Apple would have a hard time creating a budget mini-tower
Where did I suggest that? I've always paid a 40% premium for my Macs, and counted that as the cost of getting an OS that doesn't suck with applications that don't suck. So has everyone else who's bought an Apple desktop, however they justified it to themselves. There's no reason that Apple wouldn't be able to sell a $500 desktop for $800, the way they're selling a $350 desktop for $600 with the Mac mini, or a $700 desktop for $1100 with the iMac.

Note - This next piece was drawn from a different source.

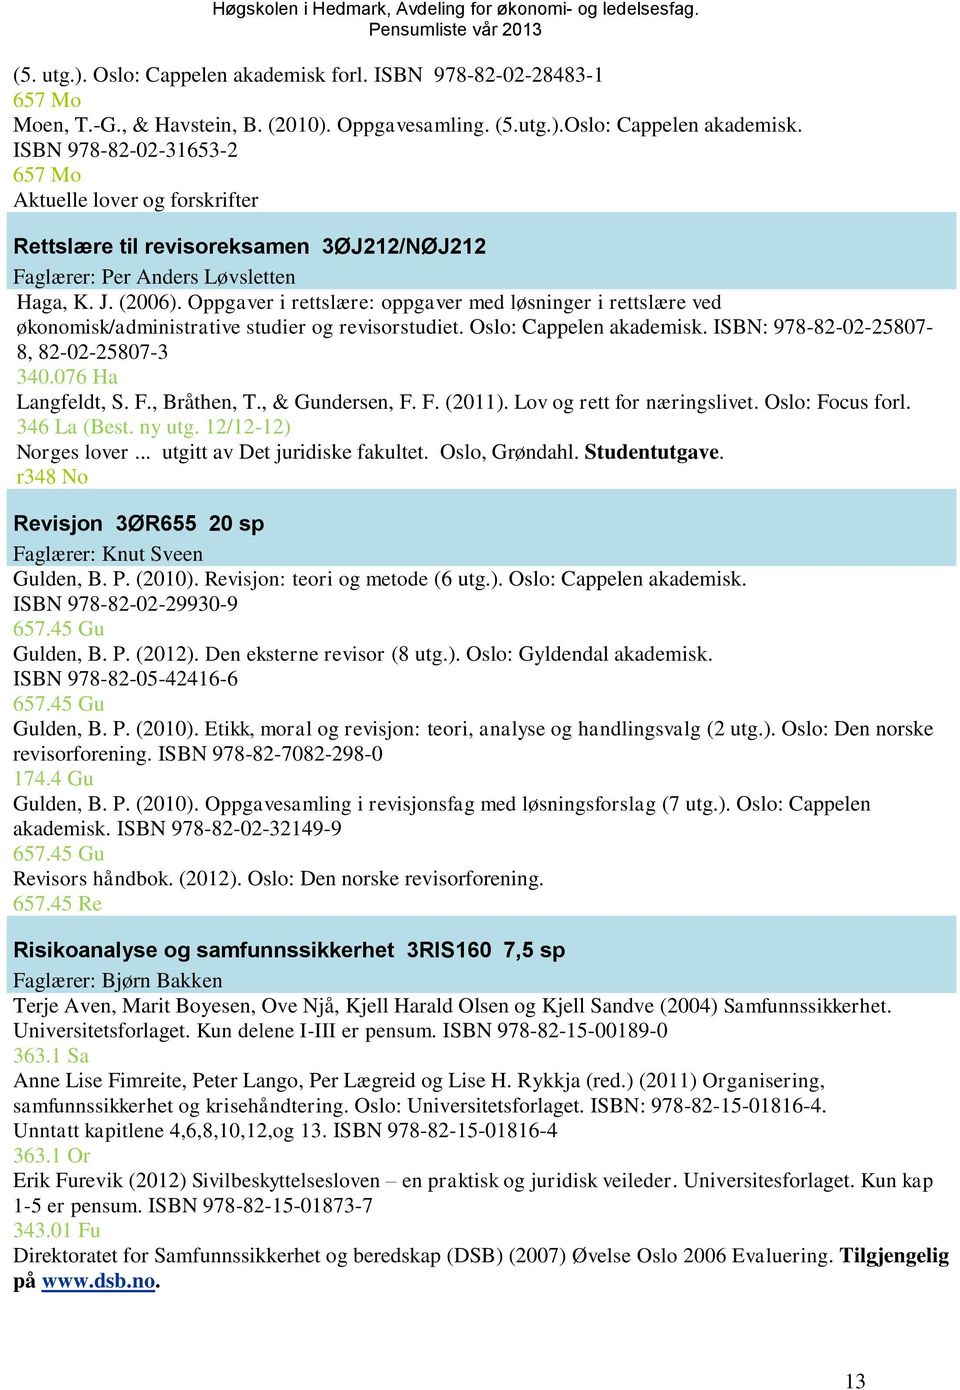 076 Ha Langfeldt, S. F., Bråthen, T., & Gundersen, F. F. (2011). Lov og rett for næringslivet. Oslo: Focus forl. 346 La (Best. ny utg. 12/12-12) Norges lover... utgitt av Det juridiske fakultet.

They'd even get away with compromising the functionality to make it sexier, they always have before, so they could keep the long product life cycles and high style in a "Mini pro", for people in the market for a conventional desktop who can't afford to pay $2300 for a quad core fire-breathing monster.
Since those would not be similar systems, it's a pretty good chance they weren't talking about the Mac Pro.
None of the other possibilities I can think of cost more than $2000.
Spec wise this looks more like a $1100 iMac, minus the 20" monitor and teh sexy.
I already have a 23" LCD and a 21" CRT and "teh sexy" has negative value to me.
now you can get almost anything that used to be an internal component on USB.
The overhead of USB is significantly more than IDE or SATA, and even firewire reduces the performance advantage of the external drive my Mac mini boots from.
I'm glad to see competition, this isn't the cheap good upgradeable Mac that we've been waiting for though.
No, it's not. The fact that people are seriously interested in buying cheapo generic PCs at something close to Apple's markup to get an OS that doesn't suck in hardware that doesn't lock them in to forklift upgrades should be raising red flags at Apple. In the marketing department, not legal.